Lung cancer continues to be the leading cause of cancer-related death in the world, which is classically subgrouped into two major histological types: Non-small cell lung cancer (NSCLC) (85% of patients) and small-cell lung cancer (SCLC) (15%). Tumor location has been reported to be associated with the prognosis of various solid tumors. Several types of cancer often occur in a specific region and are more prone to spread to predilection locations, including colorectal cancer, prostate cancer, gastric cancer, ovarian cancer, cervical cancer, bladder cancer, lung tumor, and so on. Besides, tumor location is also considered as a risk factor for lung neoplasm with chronic obstructive pulmonary disease/emphysema.

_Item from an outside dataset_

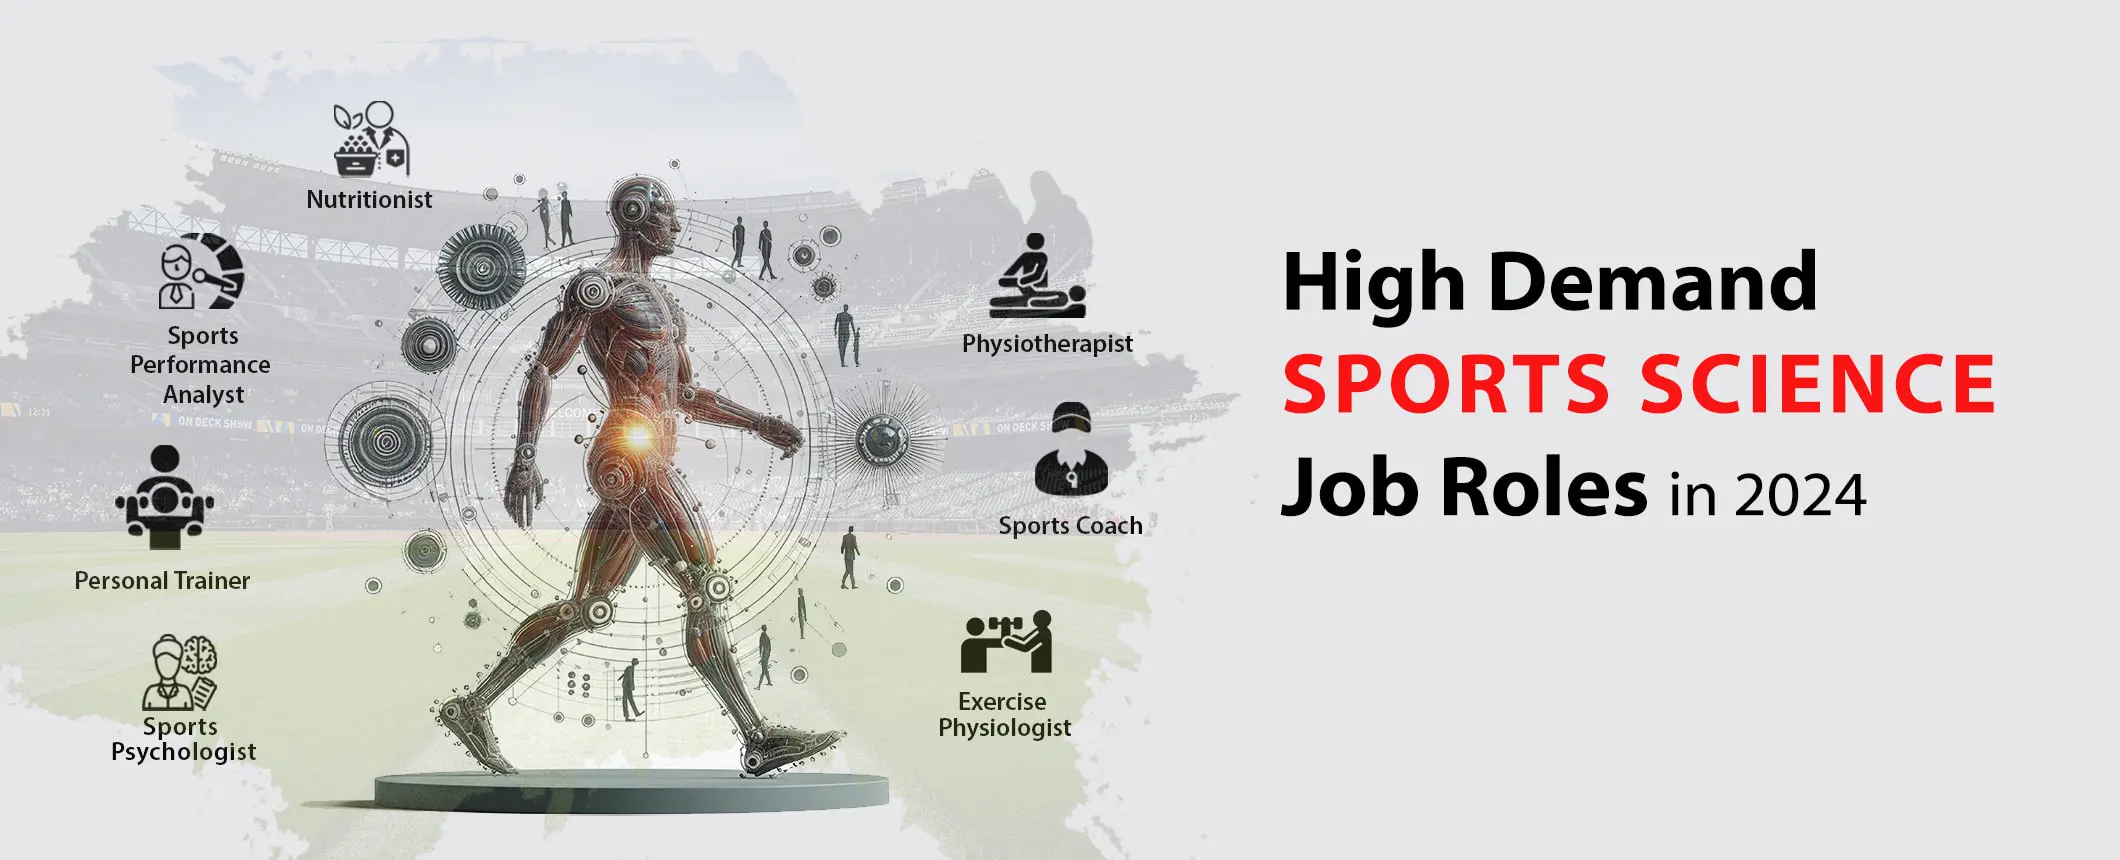 High Demand of Sports Science Job Roles in India

Additionally, the primary lung cancer location is associated with specific lymph node metastasis. And the recent analysis has shown that the primary location may affect metastasis pattern in metastatic NSCLC based on a large population. Numerous studies have enrolled the "location" factor in the risk model. Anatomy location and lobe-specific location are both important in prognosis. Therefore, it is important for us to clarify the characteristics about tumor location according to various definitions. However, the inconsistent definitions about tumor location among different articles are controversial. It is also a significant guidance in multimode therapy in the present time. In this review, we mainly aim to provide a new insight about tumor location, including anatomy, clinicopathology, and prognosis in patients with lung neoplasm.

摘要

肺癌仍然是全球癌症相关死亡的主要原因,经典地分为两种主要的组织学类型:非小细胞肺癌(NSCLC)(85%的患者)和小细胞肺癌(SCLC)(15%)。肿瘤位置已被报道与各种实体瘤的预后相关。一些类型的癌症通常发生在特定的区域,更容易扩散到偏好的部位,包括结直肠癌、前列腺癌、胃癌、卵巢癌、宫颈癌、膀胱癌、肺癌等。此外,肿瘤位置也被认为是慢性阻塞性肺疾病/肺气肿合并肺肿瘤的一个危险因素。此外,原发性肺癌位置与特定的淋巴结转移有关。最近的分析表明,原发性位置可能会影响转移性非小细胞肺癌的转移模式,这是基于大量人群的研究。许多研究都将“位置”因素纳入了风险模型。解剖位置和叶特异性位置对预后都很重要。因此,根据不同的定义,明确肿瘤位置的特征对我们来说很重要。然而,不同文章中关于肿瘤位置的定义不一致,这是有争议的。在目前的多模式治疗中,这也是一个重要的指导。在这篇综述中,我们主要旨在提供关于肿瘤位置的新见解,包括肺癌患者的解剖、临床病理学和预后。